It’s a sign

Some words get under my skin. One of them is “signage.” At some point it seemed like businesses and government buildings couldn’t have plain old signs anymore. In almost every discussion I’ve read or heard where signs are mentioned in recent years, it’s called signage.

When something like that really bugs you, it’s usually worth trying to figure out why.

I started with the word itself. What’s the different between a bunch of signs and signage? None.

English has a ton of words that work like that. If you have a bunch of wrecks, you have wreckage. If you have a bunch of bags, you have baggage. Railroads refer to all their tracks collectively as trackage. When ranchers measure all the places where they put animals out to pasture, they call it pasturage.

We have coinage, we have tonnage, and on and on.

“Signage”is a late arrival. It seems to have come into vogue in the 1970s, according to a few different dictionaries. That shouldn’t count against it. We’ve adopted plenty of new words in the last 40 years.

If there’s nothing wrong with the word itself, maybe there’s something irritating about the way it’s used. I think that may be it. “Signage” sounds like an affectation.

Nobody says they have coinage in their pockets. Nobody says they grew up on the wrong side of the trackage.

When you are about to check out of a hotel, you might say “I’ll grab my baggage and meet you in the lobby,” but you are at least as likely to say, “I’ll grab my bags.” You are more likely to call them suitcases. You would never call them suitcasage.
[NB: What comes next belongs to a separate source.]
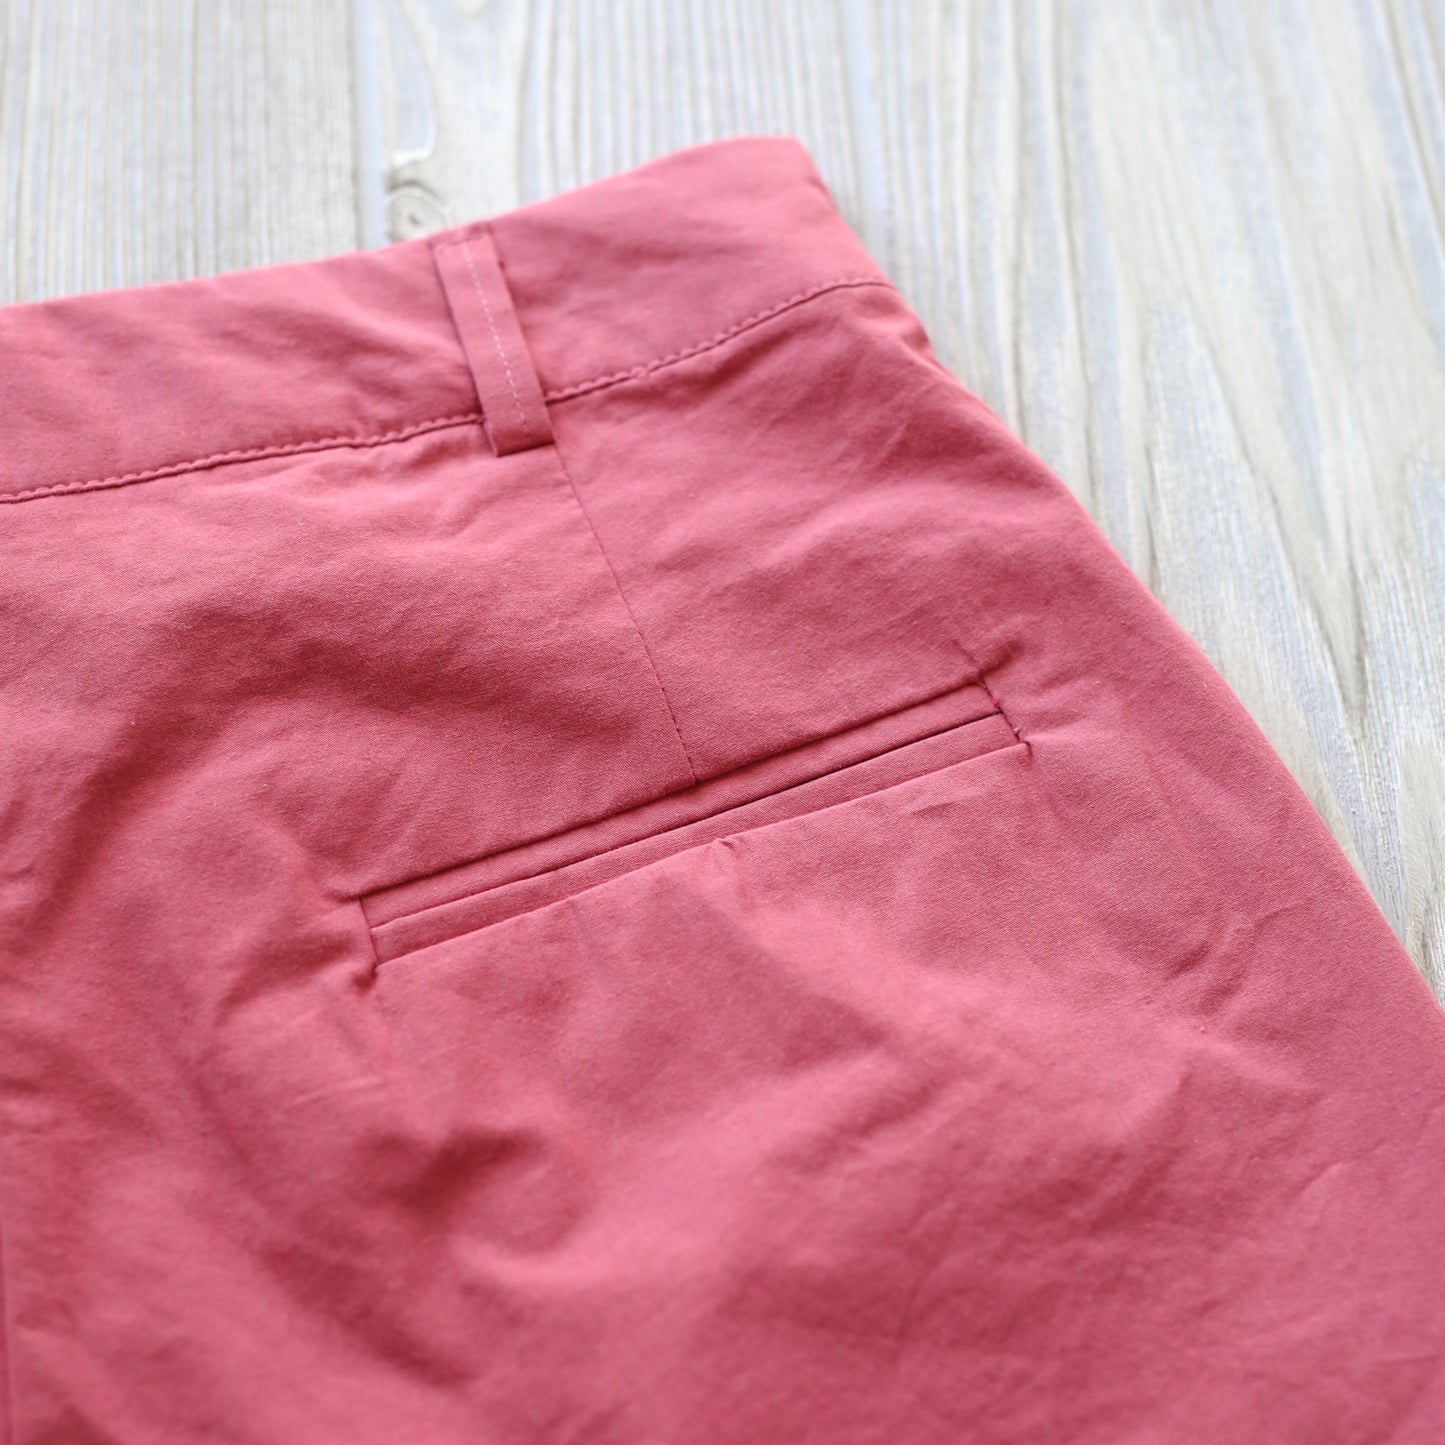 On Point Pocket Pleated Shorts in Rose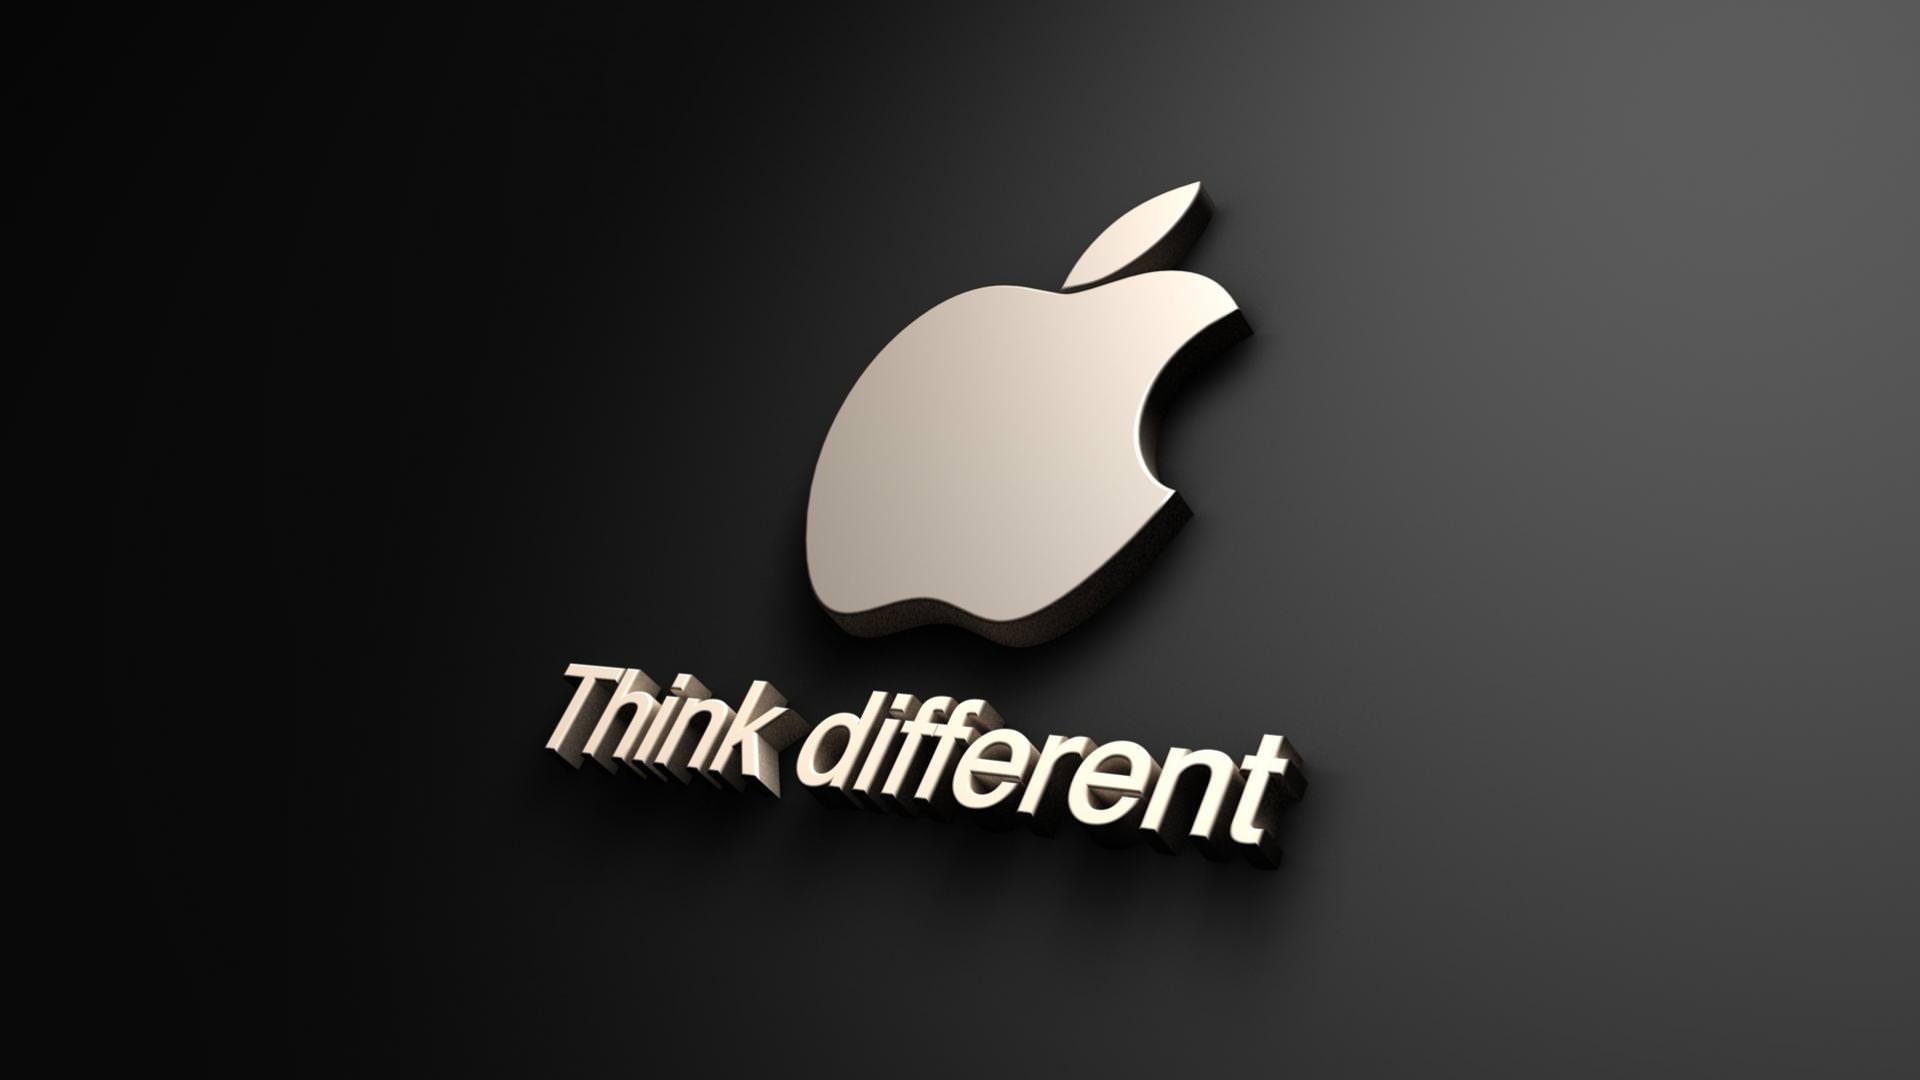 How Apple Got Its Name And Logo

People do talk about mental baggage, so that’s a point in favor. But that’s using the word as an abstract concept. People wouldn’t know what you were talking about if you said you had a mental bag.

Even as an abstraction, preachers don’t warn us about the signage of the end times. Economists don’t look for signage of a recession.

Perhaps the most authoritative citation is that sign companies don’t call themselves signage companies — usually. I’ve seen a couple that sneak the word into their taglines and slogans. Some even claim to offer “signs and signage,” ready to serve you no matter which side of the argument you take up.

“Signage” has caught on among the bureaucrats and other folks who can’t seem to use a simple word when a fancier one is available. If you have to blend in with that crowd, go ahead and use “signage.” But don’t make a habit of it.

When you want to communicate clearly and quickly, all signs point to simplicity.